The task: Exactly as they appear below, repeat the lines from the one with "Prada Daino Pebbled" through the one with "Panasonic DVD-LX97 Tips", and no others.

Source material:
---*---

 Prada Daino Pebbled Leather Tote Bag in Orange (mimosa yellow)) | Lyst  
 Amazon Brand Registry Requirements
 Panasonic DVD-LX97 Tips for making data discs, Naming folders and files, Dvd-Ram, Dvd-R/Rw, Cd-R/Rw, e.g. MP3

---*---

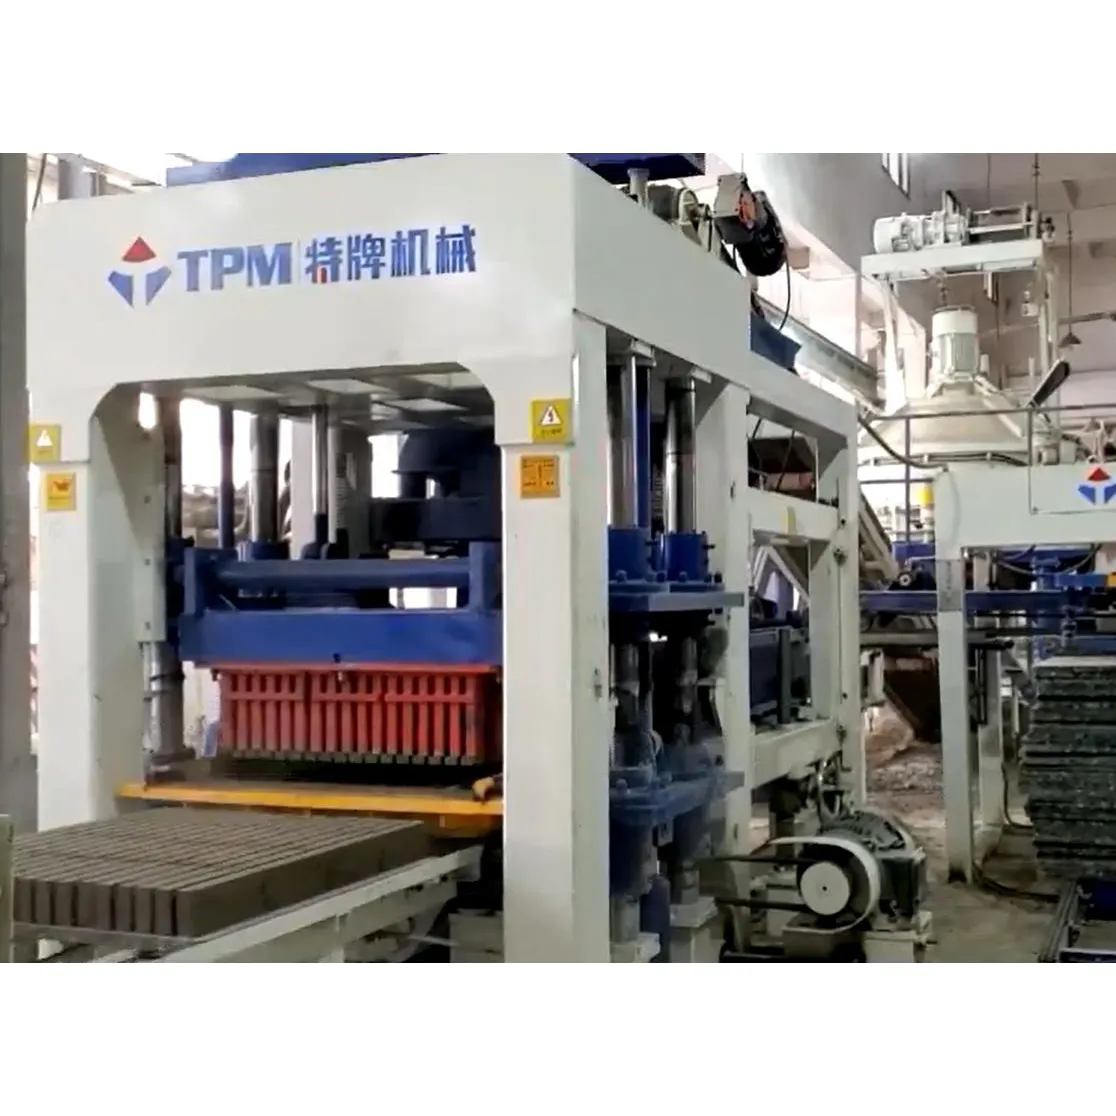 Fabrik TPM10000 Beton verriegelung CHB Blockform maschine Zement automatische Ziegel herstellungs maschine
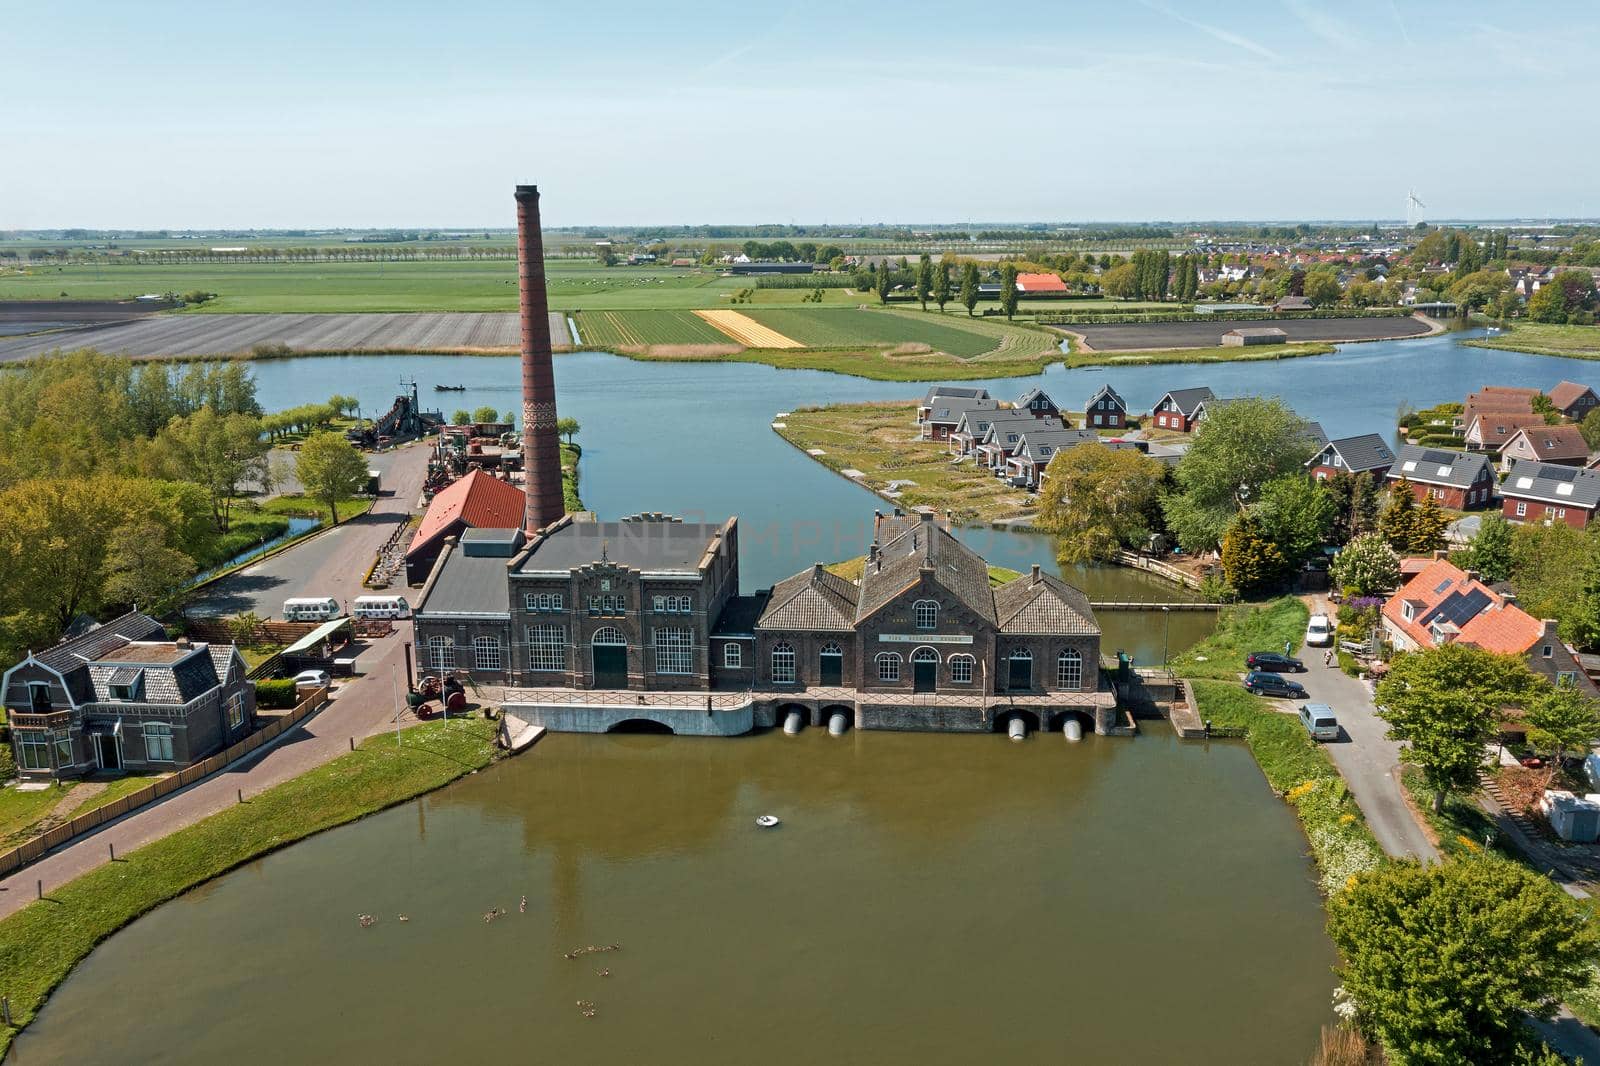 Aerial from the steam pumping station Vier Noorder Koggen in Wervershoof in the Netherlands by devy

---*---

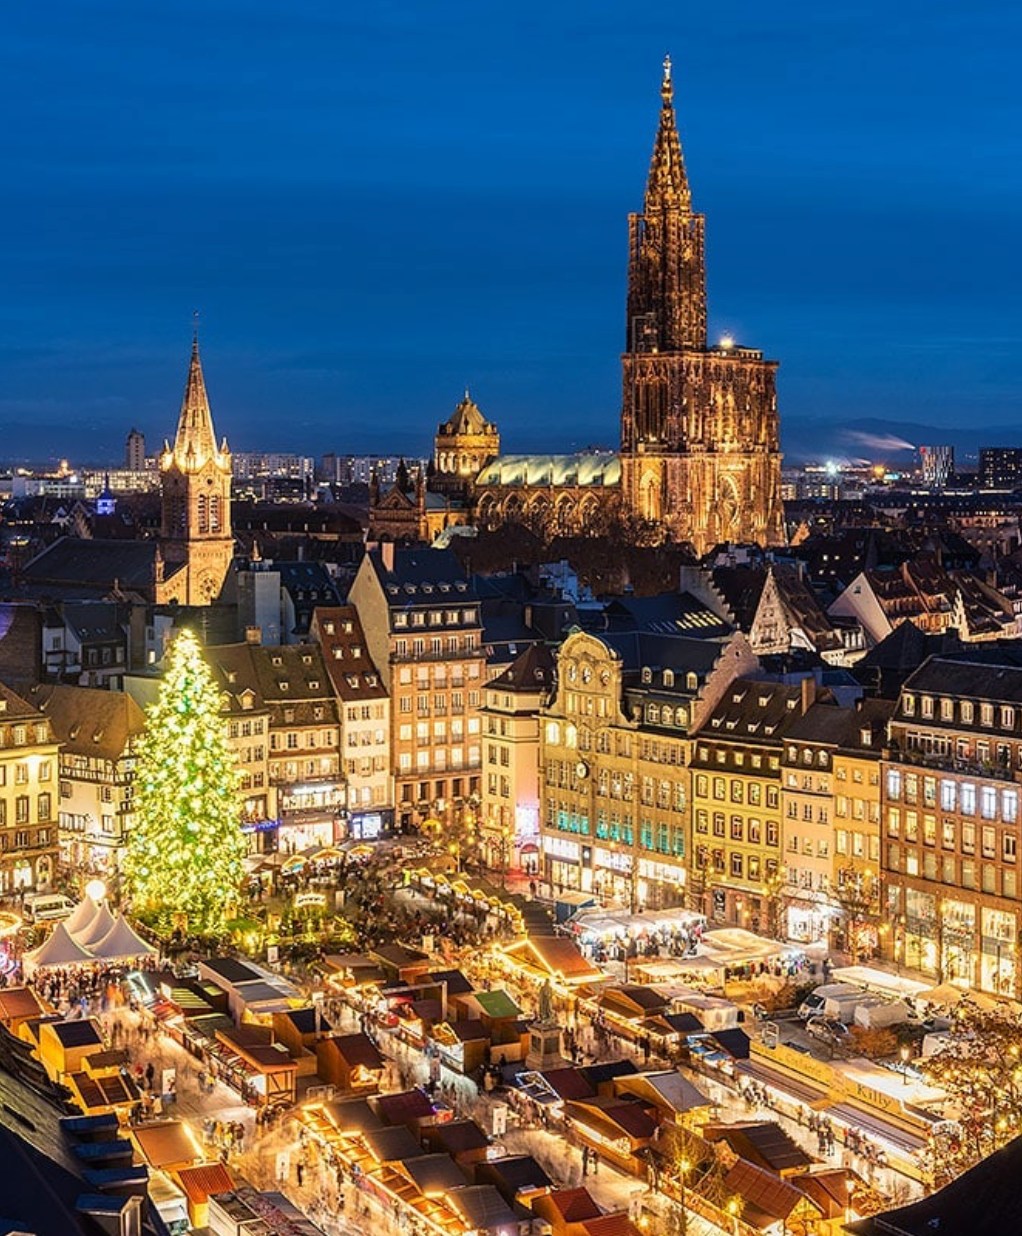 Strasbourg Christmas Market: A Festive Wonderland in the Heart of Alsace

---*---

Solution below:
 Prada Daino Pebbled Leather Tote Bag in Orange (mimosa yellow)) | Lyst  
 Amazon Brand Registry Requirements
 Panasonic DVD-LX97 Tips for making data discs, Naming folders and files, Dvd-Ram, Dvd-R/Rw, Cd-R/Rw, e.g. MP3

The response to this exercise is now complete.